# Exercise prompt:
In the material below, find the line with "กระเป๋ากล้องสไตล์เกาหลี ใบใหญ่" and the line with "درمان دنداندرد چیست", then output both and every line between them exactly, omitting pictures.

# Exercise material:
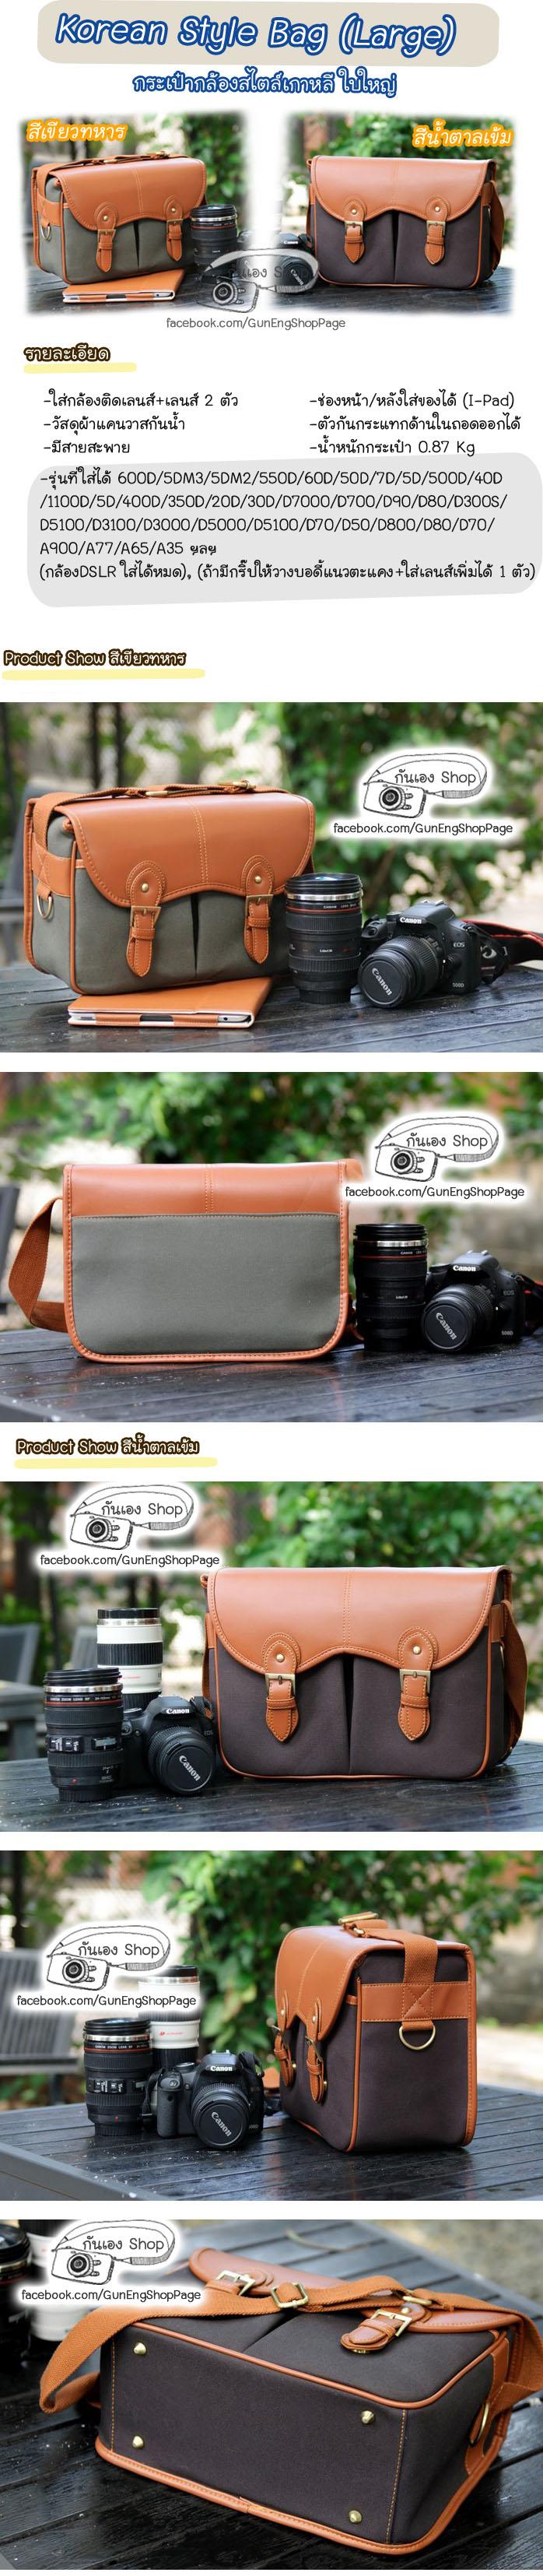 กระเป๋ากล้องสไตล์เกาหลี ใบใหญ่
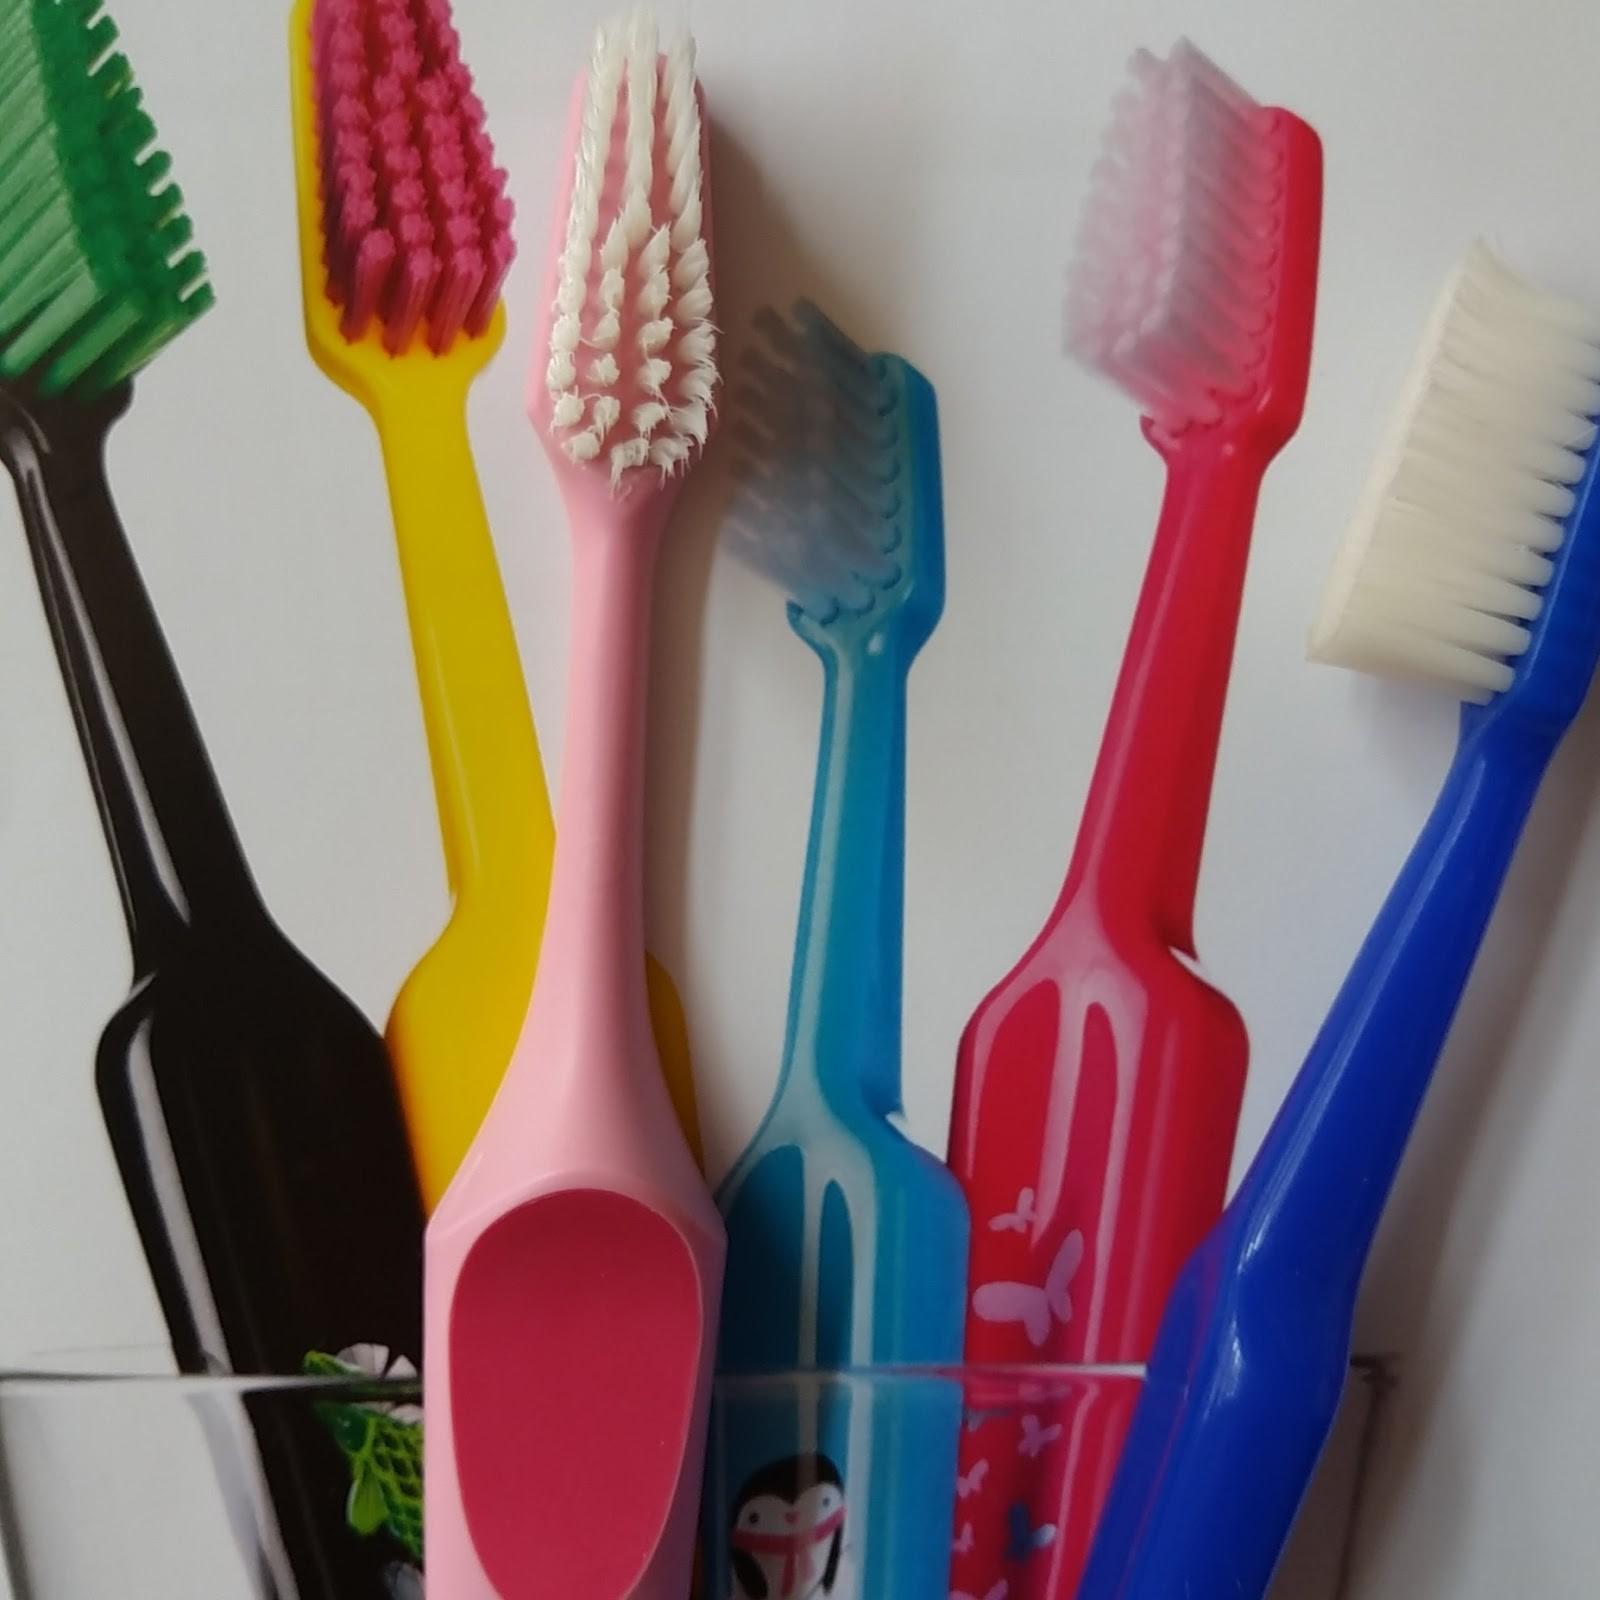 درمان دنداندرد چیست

---

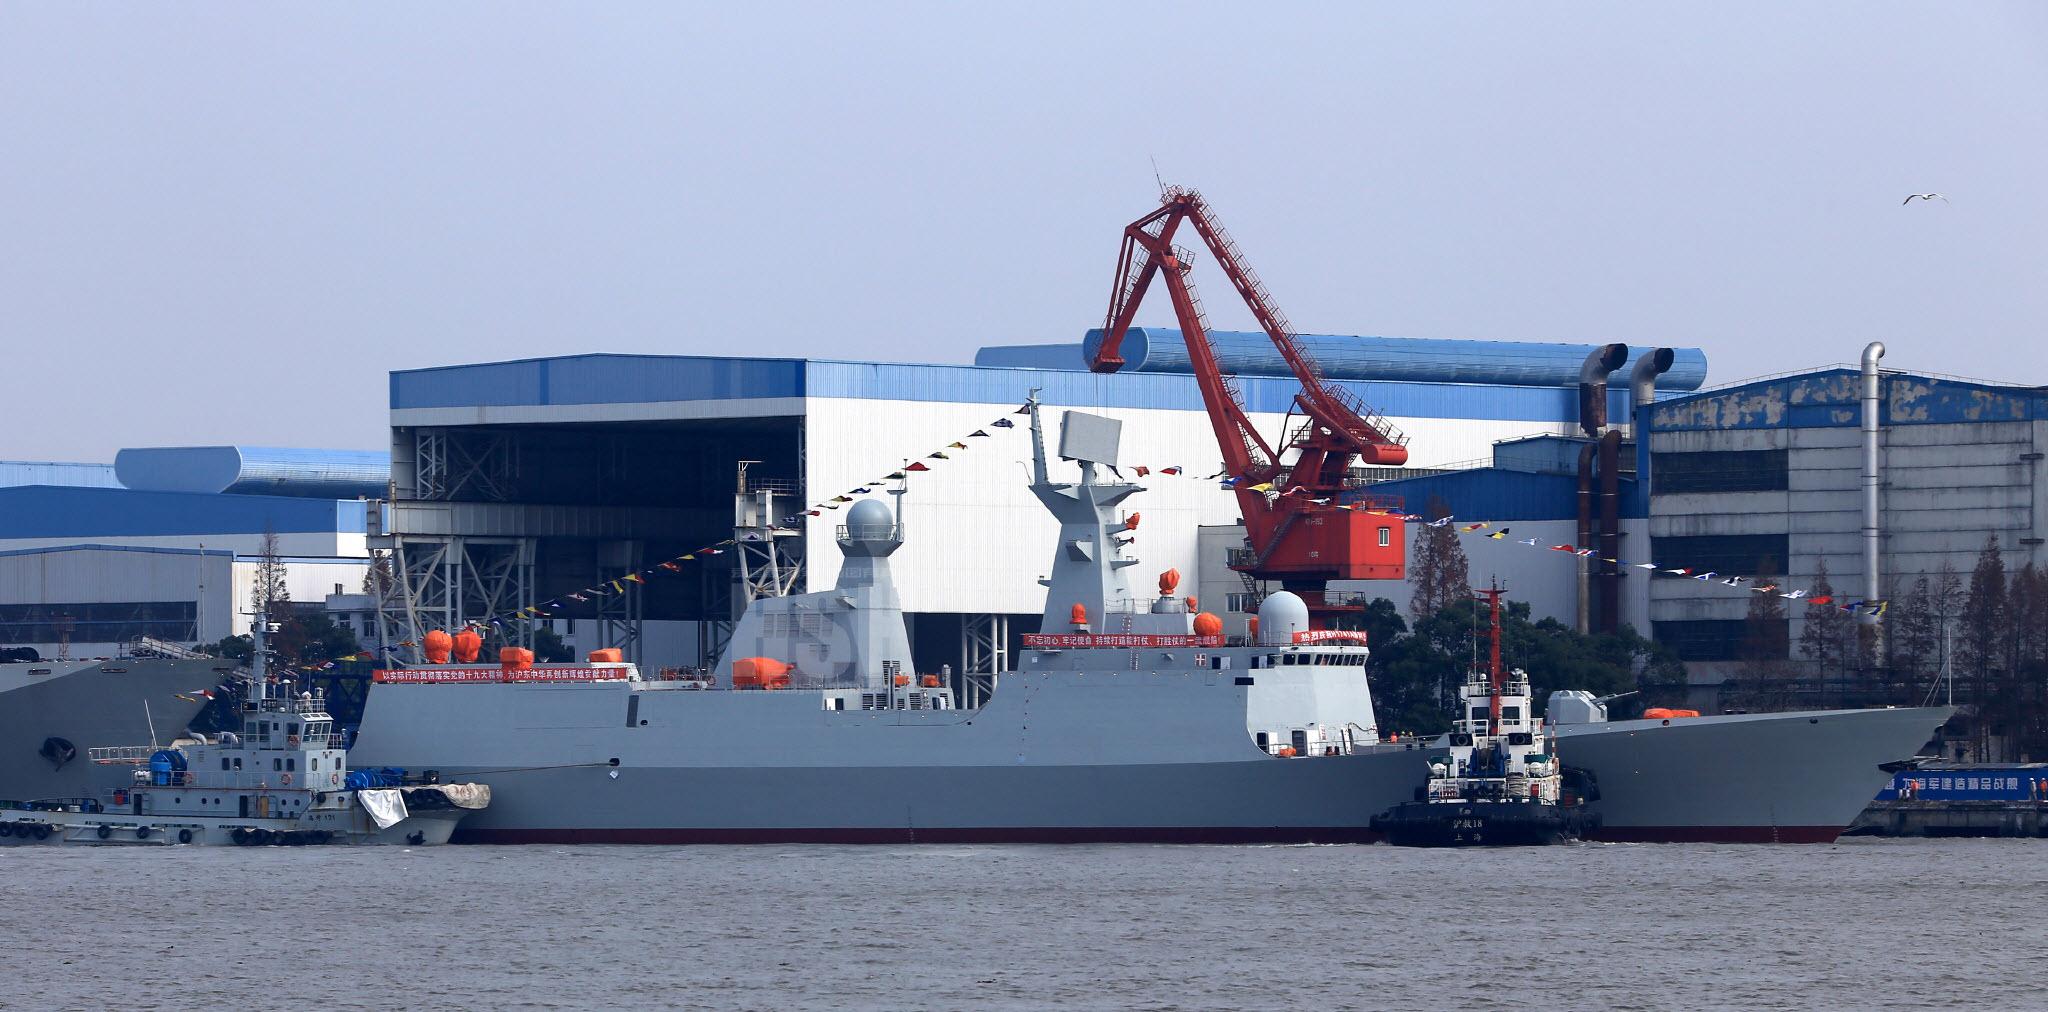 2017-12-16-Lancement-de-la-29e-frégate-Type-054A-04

# Expected answer:
 กระเป๋ากล้องสไตล์เกาหลี ใบใหญ่
 درمان دنداندرد چیست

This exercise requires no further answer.